The geometrical features of effective nucleant particles usually include particle size, size distribution, and morphology. The model developed by Maxwell and Hellawell[37] to explain grain refinement in Al-based peritectic alloys shows that only some of the nucleant particles (present in melts) become activated. This is attributed to (a) the latent heat released from surrounding growing grains and (b) the geometrical features of nucleant particles, which counteract the undercooling for initiation of other grains.[6,37,38] The free growth model developed by Greer et al.[1,39] is a breakthrough towards understanding this issue. In the free growth model, ∆T fg = 4σ / ∆S v d, where ∆T fg, σ, ∆S v, and d represent the free growth undercooling, S/L interfacial energy, fusion entropy, and particle size, respectively[39] (see Figure 4(a)).
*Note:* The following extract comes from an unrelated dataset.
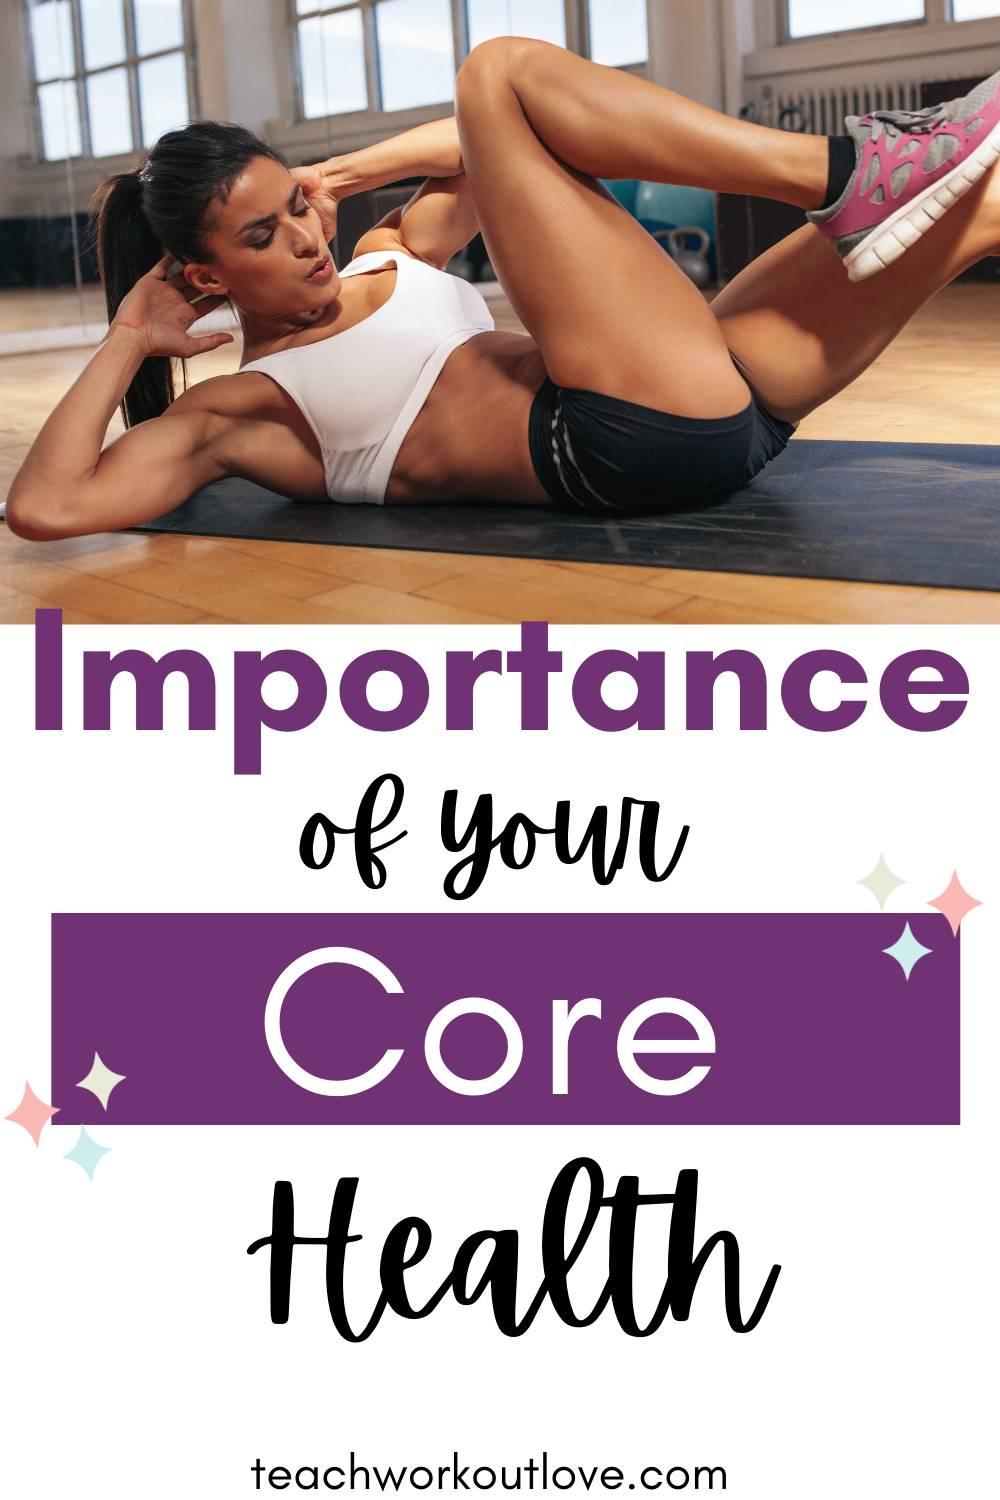 To make this easier for you, we’ve unpacked three great exercises that help you establish core health, at any age.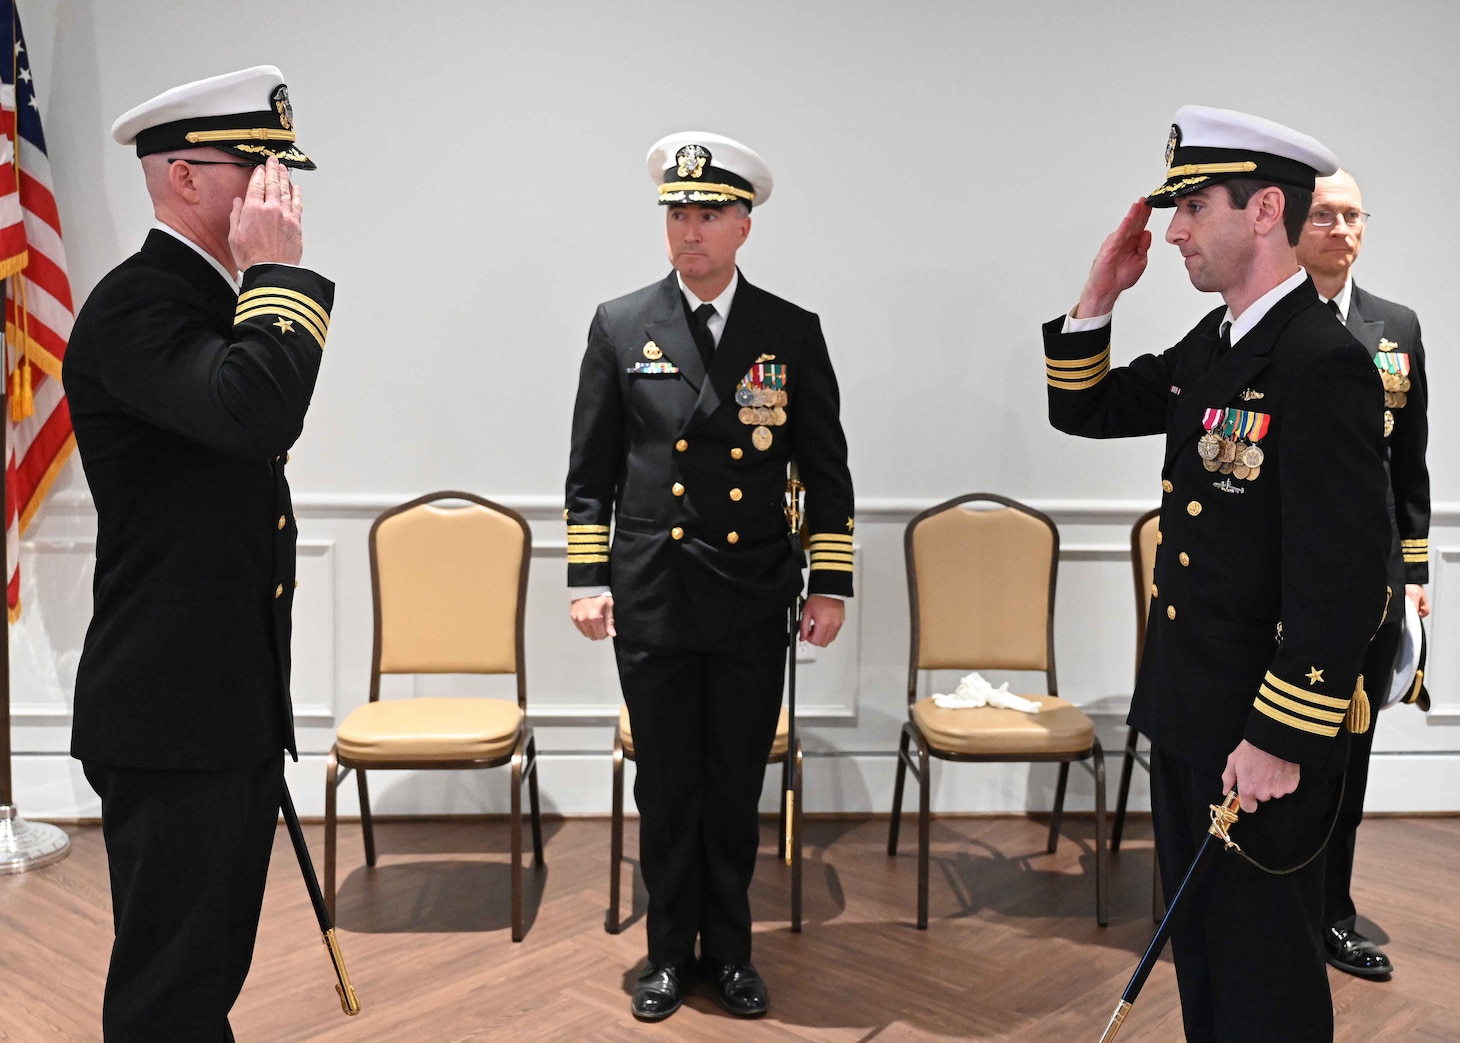 Cmdr. Russell Jones, left, relieves  Cmdr. Matthew Brouillard, right, as commanding officer of the Los Angeles-class fast-attack submarine USS Columbus (SSN 762), during a change of command ceremony at the Mariner’s Museum and Park in Newport News, Virginia.

When ∆T fg is larger than the critical undercooling for nucleation, new grains begin to initiate and grow at a steady state. Regarding the effect of particle size on grain refinement, Greer et al.[1,6] (Figure 4(b)), Qian et al.[40] and Qiu et al.[11] suggested that the size ranges of effective nucleant particles are 3 to 5 µm in Al/TiB2, 1 to 5 µm in Mg/Zr, and 6 to 6.5 µm in Mg/Al2Y nucleating systems, respectively. Meanwhile, it has been well documented that only 1 to 2 pct of all the potential nucleant particles contribute to refining Al[39,41] and Mg alloys.[11] This percentage remains almost constant even when the amount of particles in a melt increases. Even increasing the cooling rate only increases this value up to ~4 pct.[42] However, this point may be controversial thermodynamically, because some nanoscale nucleant particles (5 to 20 nm) were recently reported to act as heterogeneous nucleation sites.[43] Additionally, Lazaridis et al.[44] developed a model for nucleant particles with non-uniform morphology, which predicted that the conventional uniform model underestimates the nucleation rate by several orders of magnitude. For the effective nucleant particles observed in Al, Mg, and Zn alloys, their reported morphologies vary considerably, including facet,[45] disk/needle,[46] spherical,[47] and dendrite[48] morphologies.

Fig. 4
figure 4

(a) The solid bold curve shows the free-growth undercooling (∆T fg) available for grain initiation, redrawn from Ref. [1,6]. (b) The size distribution of TiB2 nucleant particles in a commercial Al-5Ti-1B grain refiners.[1] Inset in (a) shows a cap-shaped α-Al grain nucleating and growing on a TiB2 particle with a critical hemispherical dimension.[6] (Reprinted with permission from Ref. [1,6])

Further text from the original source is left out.